■ Try it: Write out the line with "ネイルマシン コードレス LEDライト照明 ネイルケア 7in1多機能ネイル" and every later line through the end of the data below, exactly as given, with no pictures in the copy.

[Input data — start]

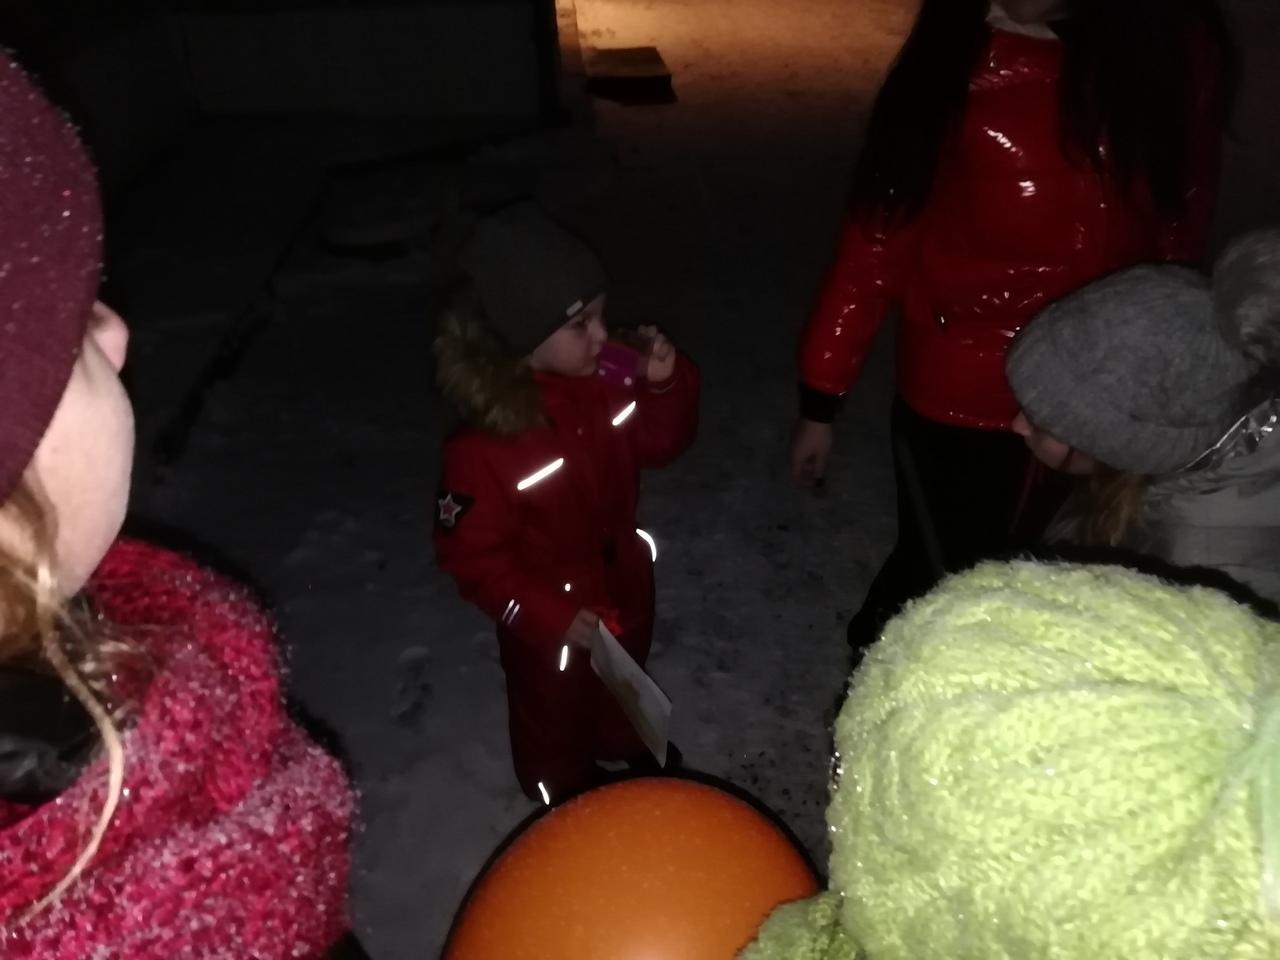 21 ноября ребята из детской творческой студии «Таурики» Центра культуры и кино «Родина» провели акцию «Мамочке любимой подарочек вручи!», посвященную Дню матери. Дети вручали малышам воздушные шарики со словами: «Сделай подарочек своей маме!». Более 20 малышей подарили подарки своим мамочкам в преддверии замечательного праздника.
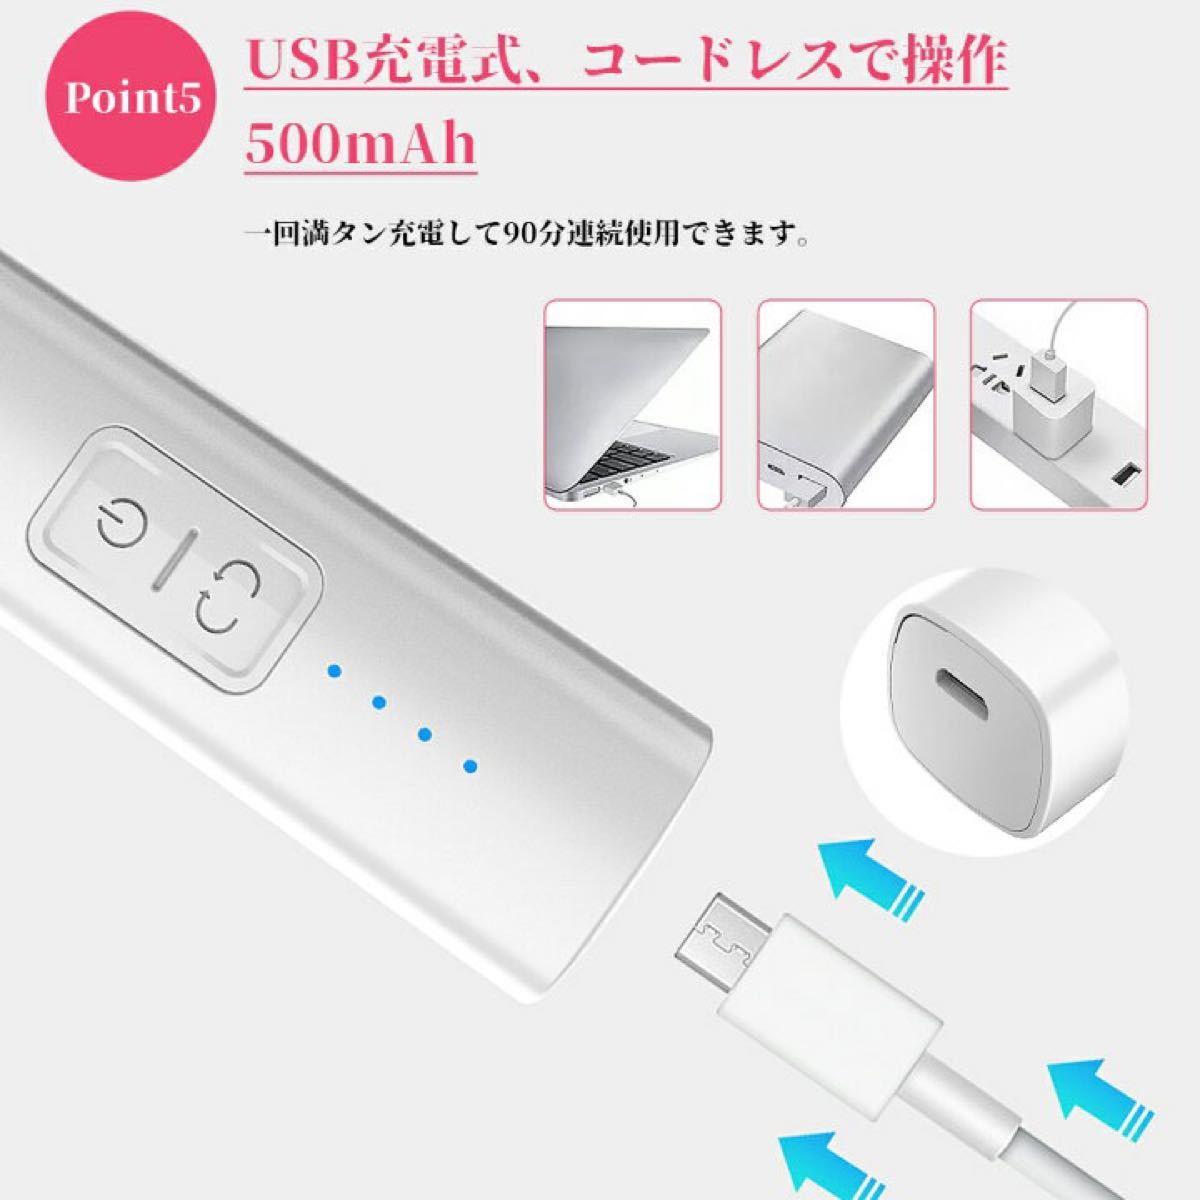 ネイルマシン コードレス LEDライト照明 ネイルケア 7in1多機能ネイル
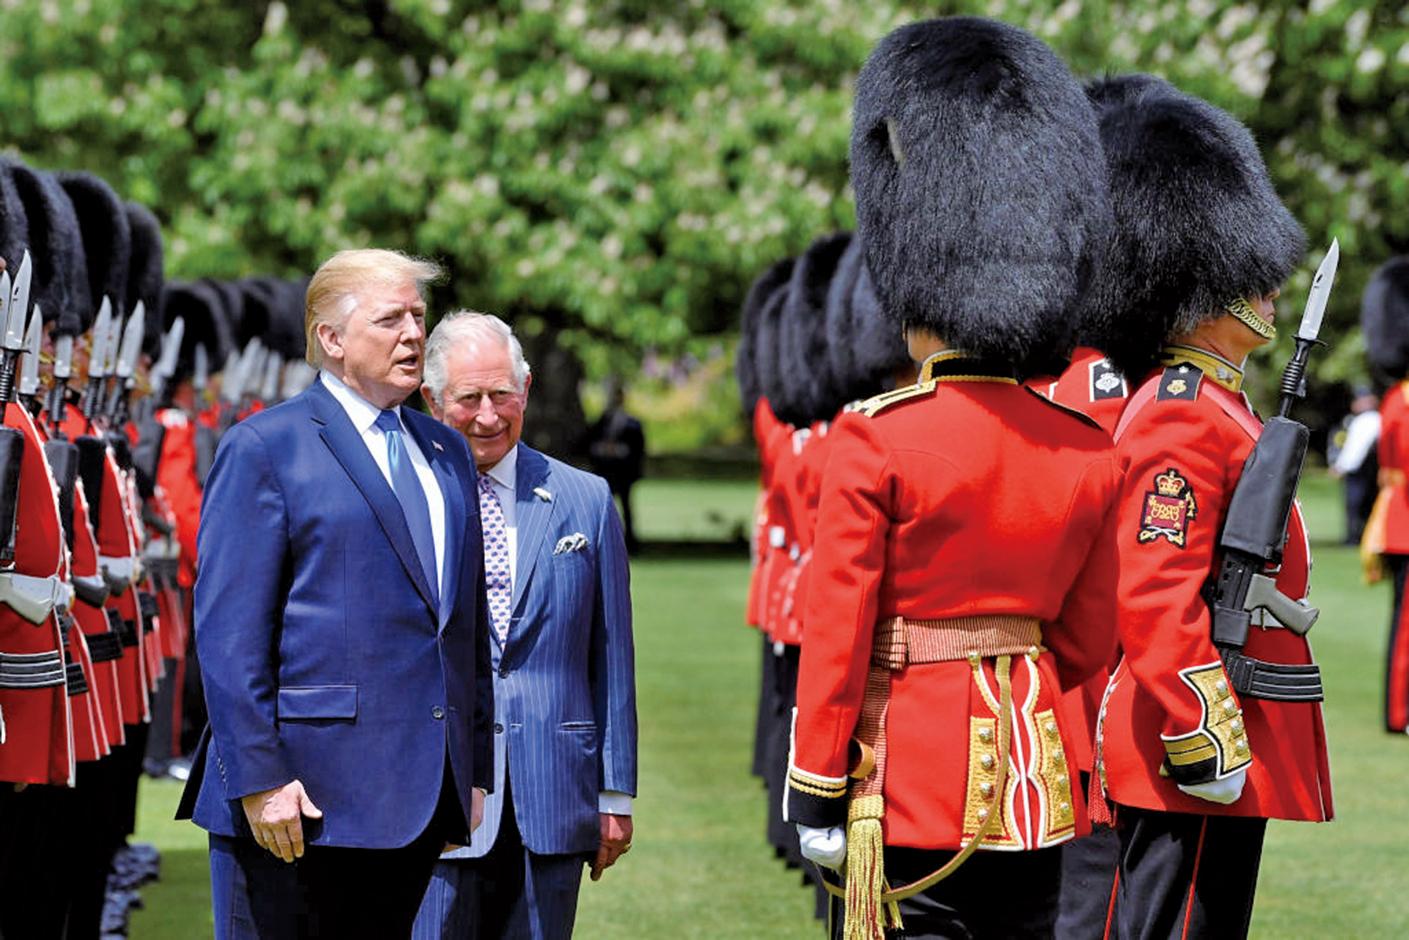 6月3日,美國總統特朗普夫婦訪問英國,受到王室的隆重歡迎。(Getty Images)
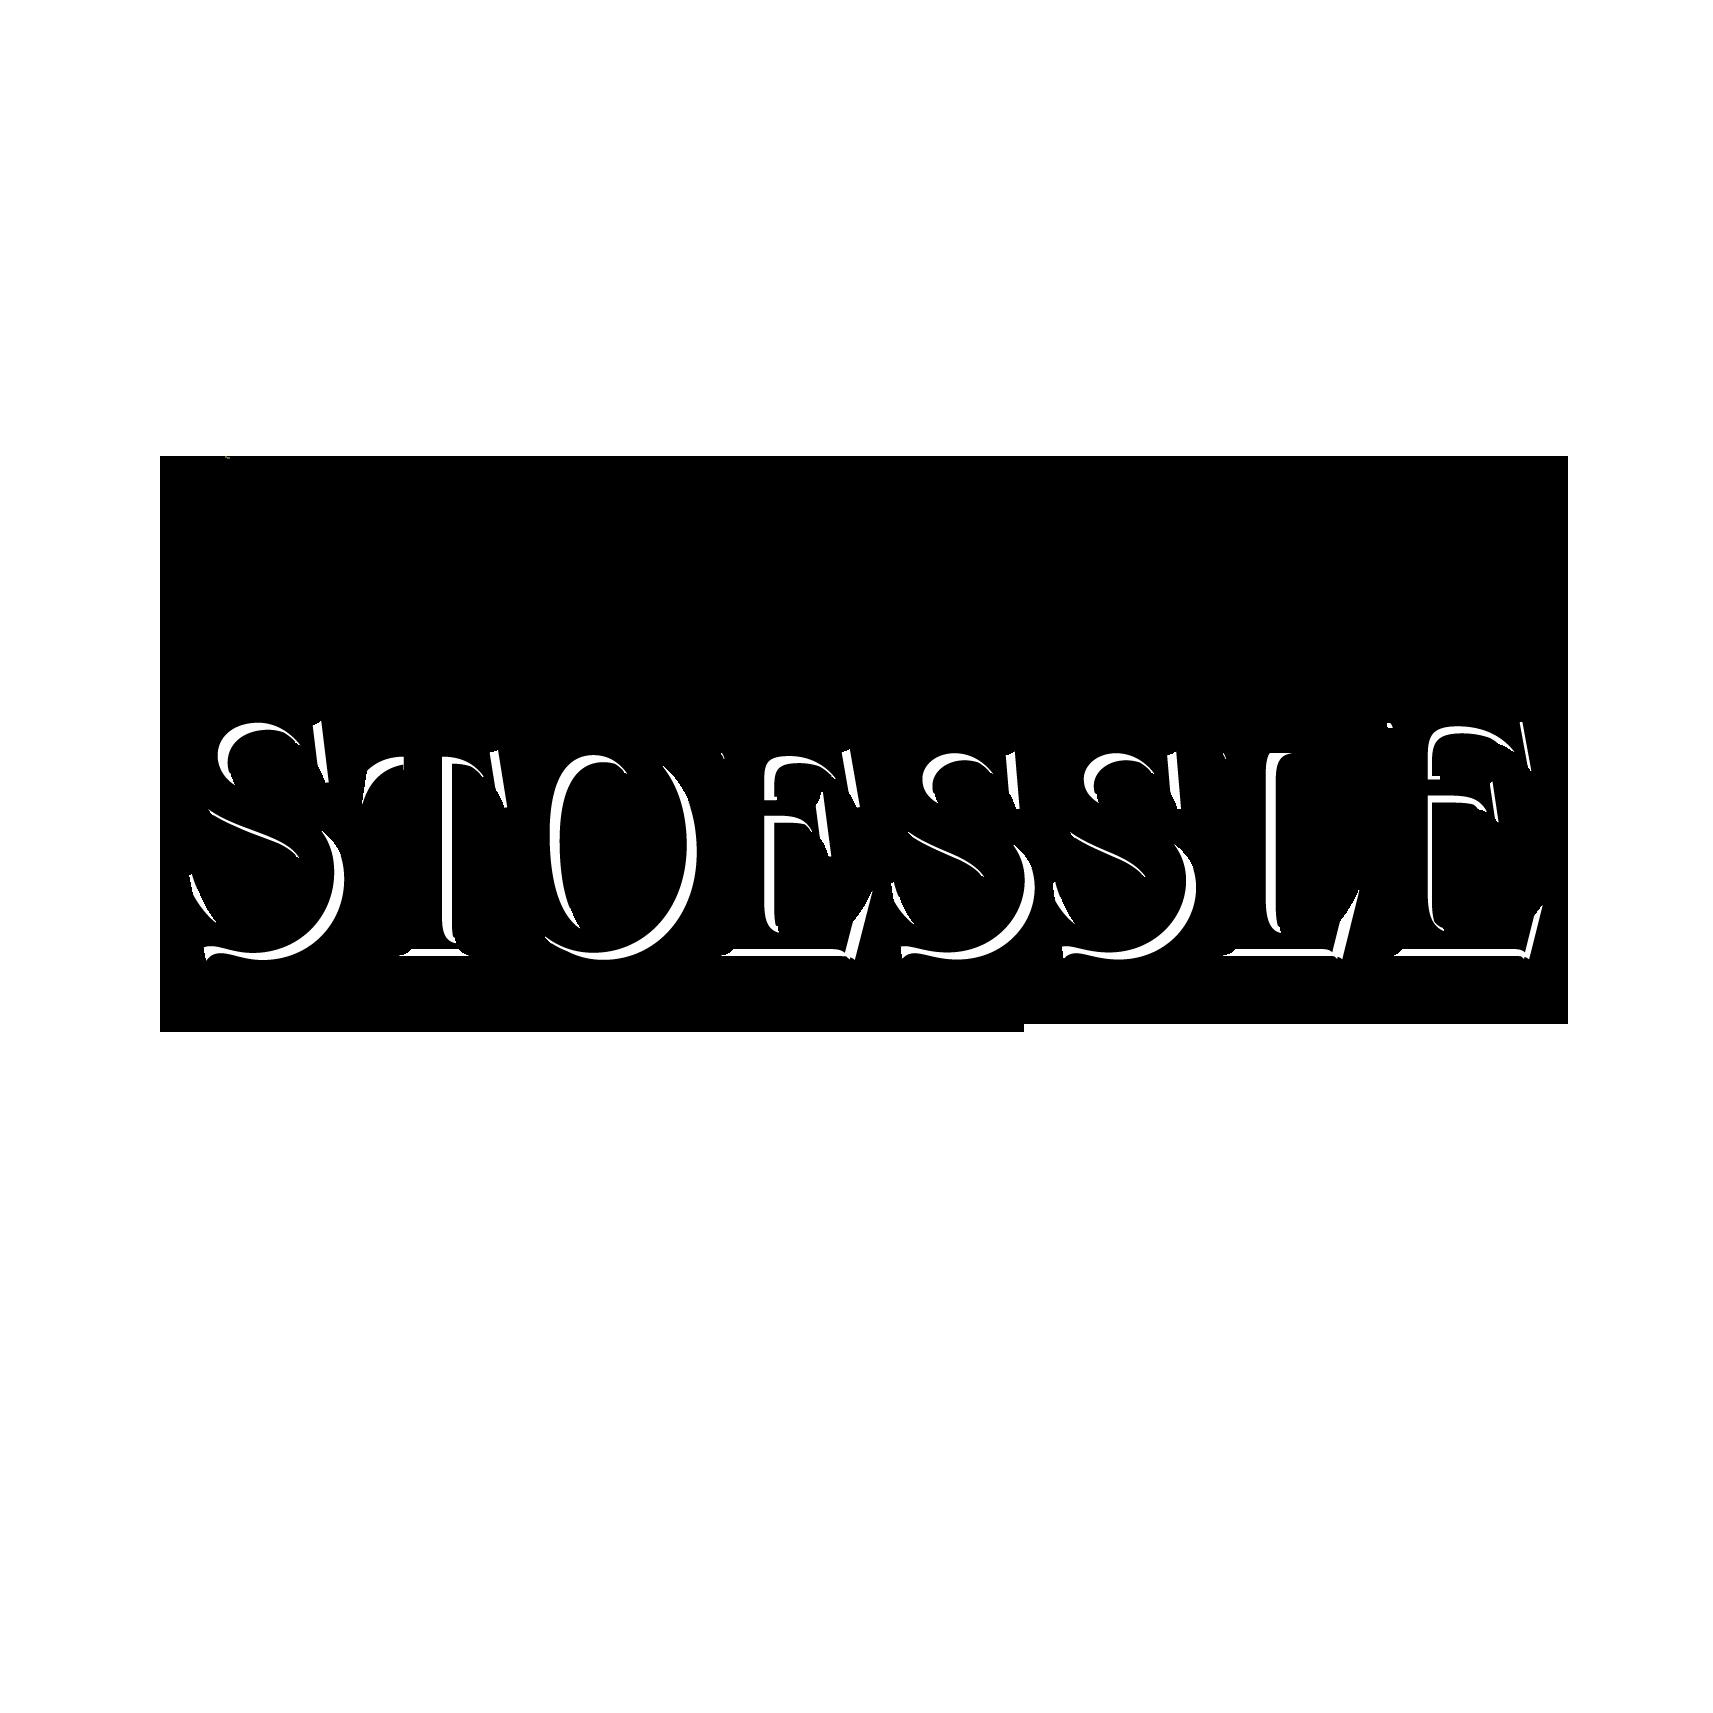 Eau-de-vie Stoessle

[Input data — finish]

■ Finished exercise:
 ネイルマシン コードレス LEDライト照明 ネイルケア 7in1多機能ネイル
 6月3日,美國總統特朗普夫婦訪問英國,受到王室的隆重歡迎。(Getty Images)
 Eau-de-vie Stoessle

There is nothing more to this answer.